Structured products issuance $571 million for week in mixed market; absolute returns gain appeal

By Emma Trincal

New York, May 23 – Agents priced $571 million in 166 structured products deals in the week ended Friday versus $609 million in 169 deals in the prior week, according to data compiled by Prospect News. As the market remains uncertain and choppy, more investors are contemplating absolute returns as a way to prepare for a potential sell-off.

Speed bumps

The U.S. equity market ended flat last week after several speed bumps with investors preoccupied by rising interest rates. Geopolitical concerns, trade talks and higher oil prices were also at the forefront of the news. But while the markets can show wild swings almost daily, the overall performance of the market remains range bound. This year, the S&P 500 index is up only 1.6%.
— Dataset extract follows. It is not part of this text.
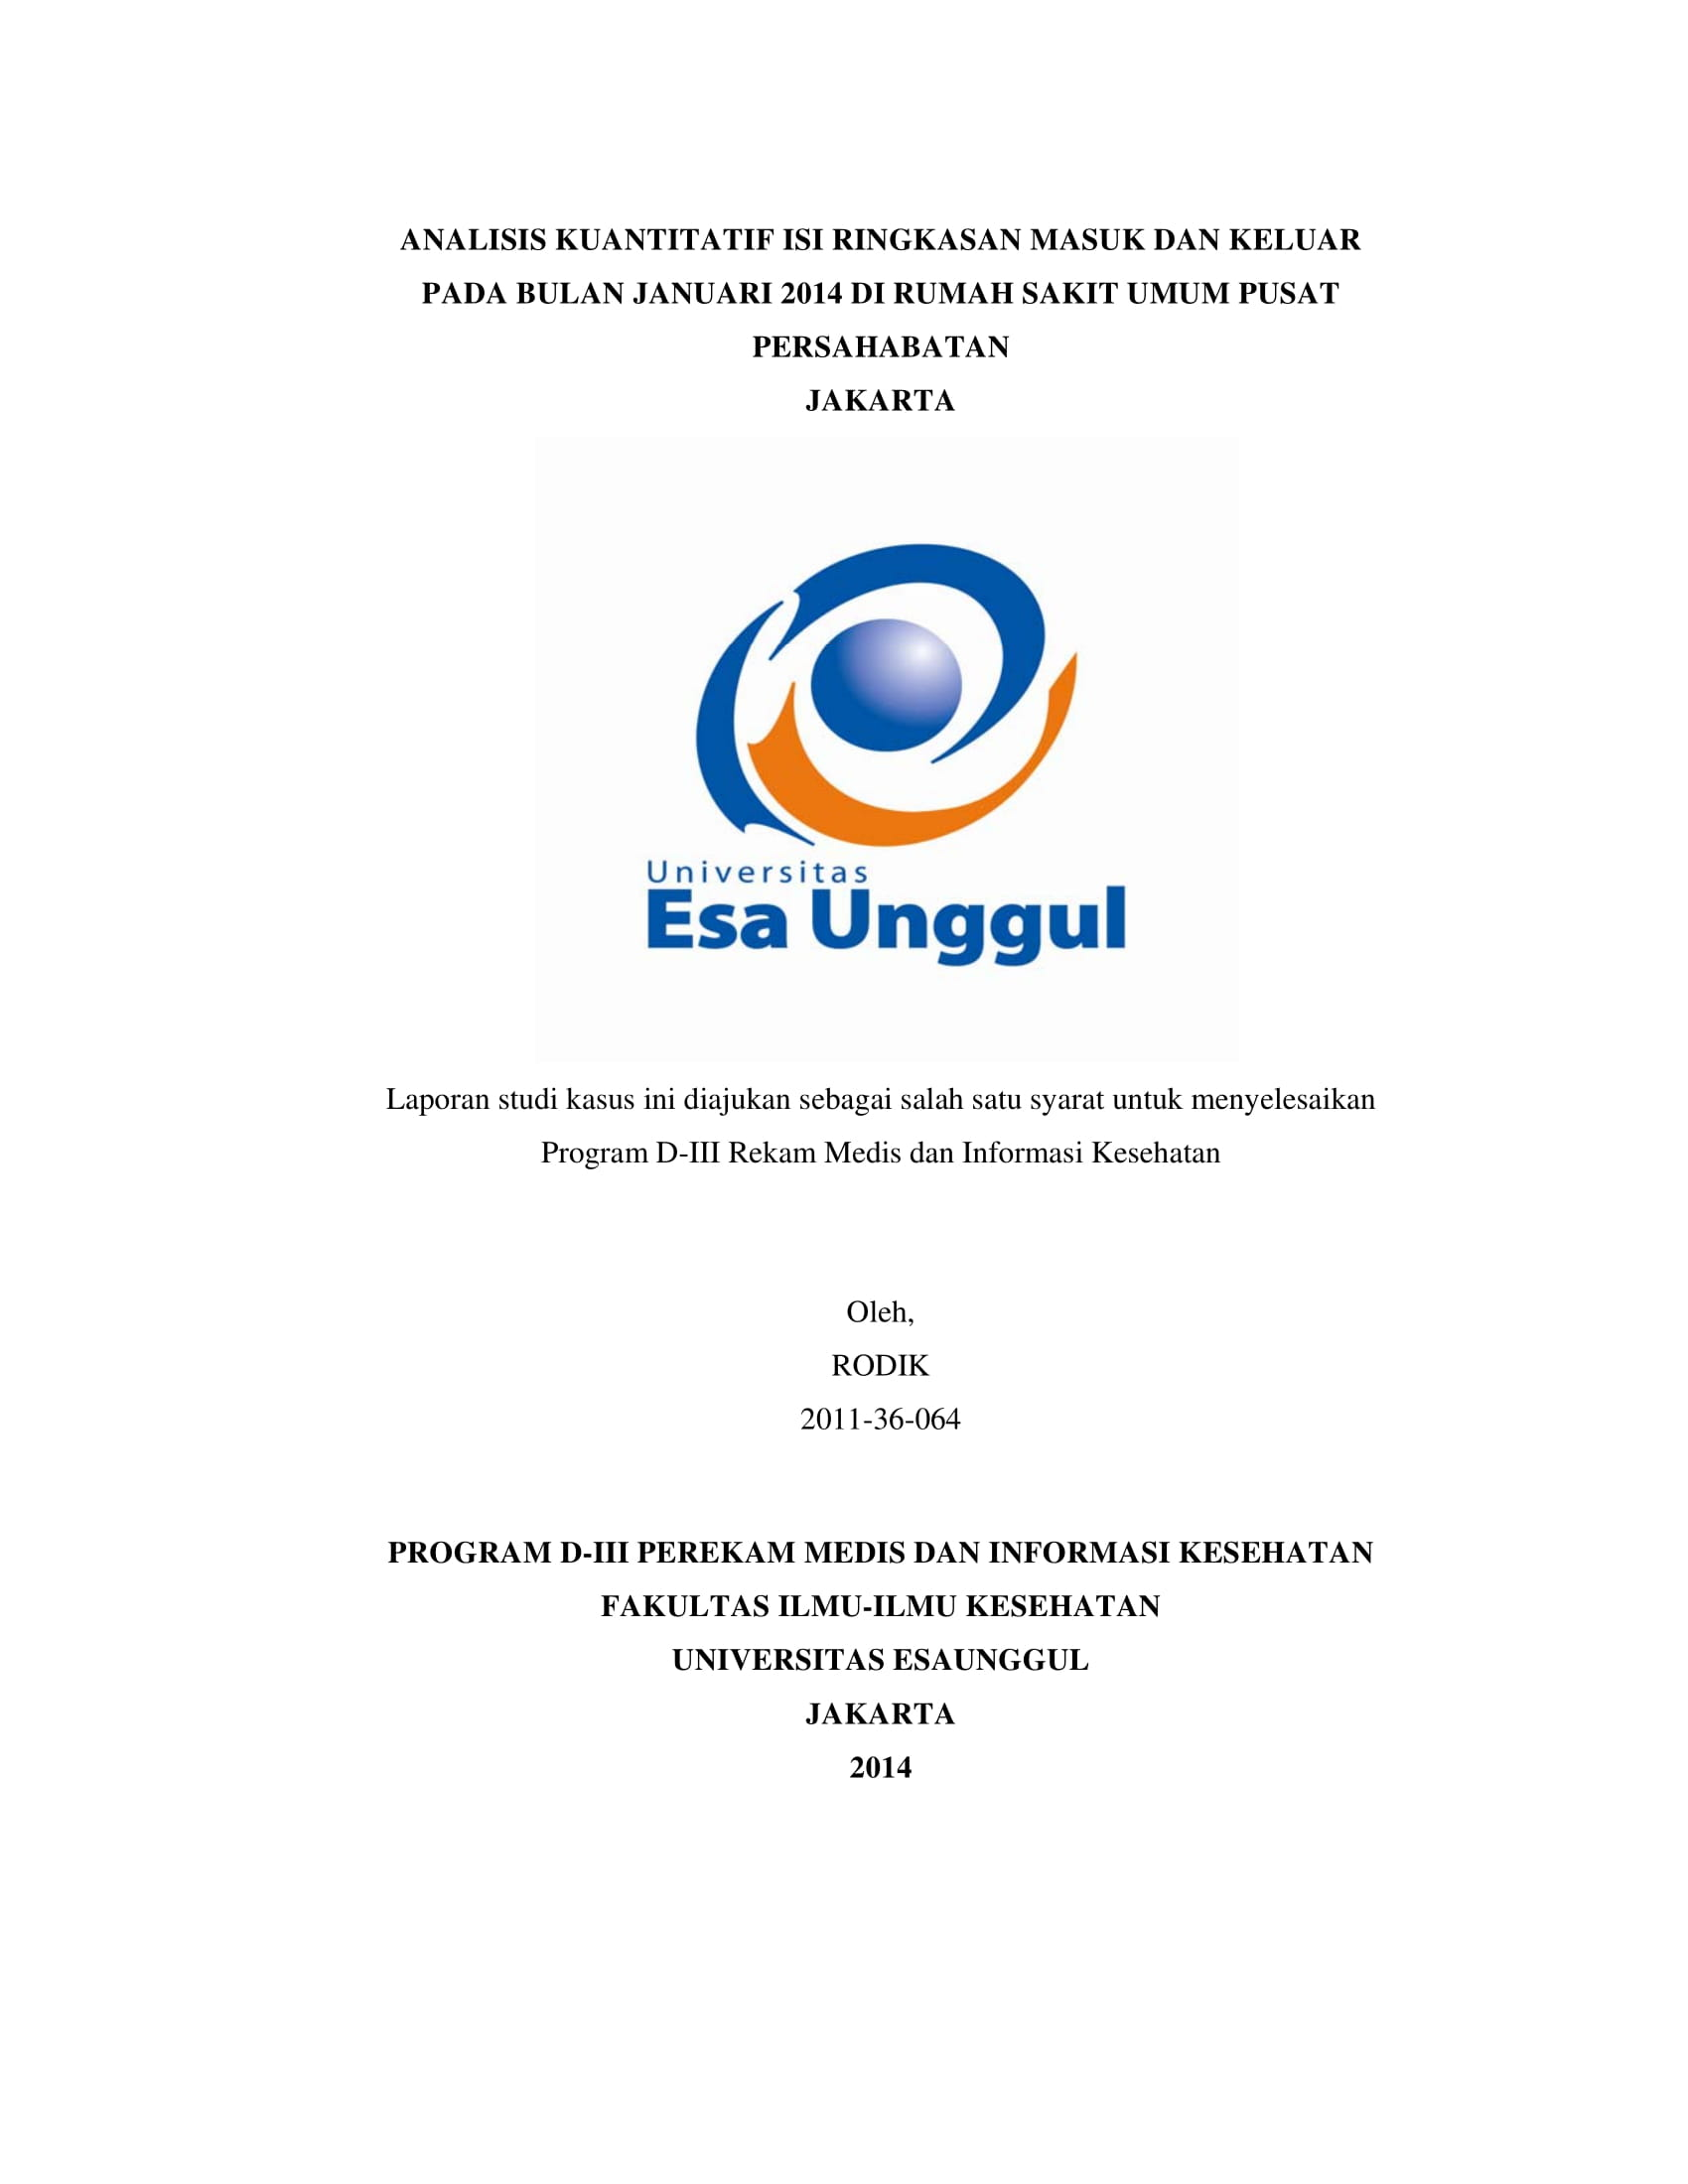 Rekam Medis Archives Universitas Esa Unggul

“The markets go up and down in a few days and often within one day. But it’s a sideways market. Is this a good thing for structured notes? It depends on what you own. If you own income structures, that’s great. It’s just the right market for those products,” a structurer said.

In fact, after a couple of weeks showing more growth products than usual, last week’s pendulum shifted the other way toward income or fixed return notes. Autocallable contingent coupon notes made for 35.3% of total volume while pure autocall plays paying a one-time call premium represented 13.2%, bringing the total of those structures to nearly half of what priced last week.

Month, year

For the month to date volume has dropped 13.4% to $1.49 billion from $1.72 billion, according to the data. From a year ago however the decline is only 2.6% from $1.53 billion in May 2017 through the 18th.

For the year, issuance volume remains solid, up 21% to $23.11 billion from $19.1 billion last year, according to the data.

More deals came to market this year, rising by nearly 25% to 6,080 from 4,899.

Rates

Rising interest rates have disrupted the bull market this year and introduced more volatility. Last week the 10-year Treasury yield hit 3.11%, its highest level in nearly seven years, which caused some anxiety among investors. But what is not good for stocks can help make products more attractive, a distributor said.

“Interest rates going up are already making the deals more attractive. Principal-protected notes are now possible,” he said. “Contingent coupon deals, capped leveraged buffered notes, all look better. It’s a boost for the industry, not an obstacle.”

A sellsider noted that what he is noticing in the market are products that benefit from higher interest rates.

“The two things we’re seeing more are rate products and principal-protection,” he said.

“Among the rates, we’re seeing steepeners or step-up notes.

“Pricing looks attractive on the steepeners. You get better terms because rates are going up so it works even though the curve is flattening.”

Rate-linked notes remain very small in size. The largest last week was Royal Bank of Canada’s $2.5 million issue of leveraged steepener notes linked to the spread between the 30-year Constant Maturity Swap rate and two-year Constant Maturity Swap rate.

However, volume is exploding in this asset class this year, up more than 200% to $604 million this year from $198 million during the same time in 2017.

Absolute return

In a market moving a lot intraday or within a week and with the perception that the nine-year old bull market will not last forever, investors have been seeking protection in leveraged notes. Another risk-off bid has been seen on absolute return trades. While recent, the reemergence of those structures is something to keep one’s eyes on.

Absolute return notes, also called dual directional notes, amounted to $41 million last week in five offerings.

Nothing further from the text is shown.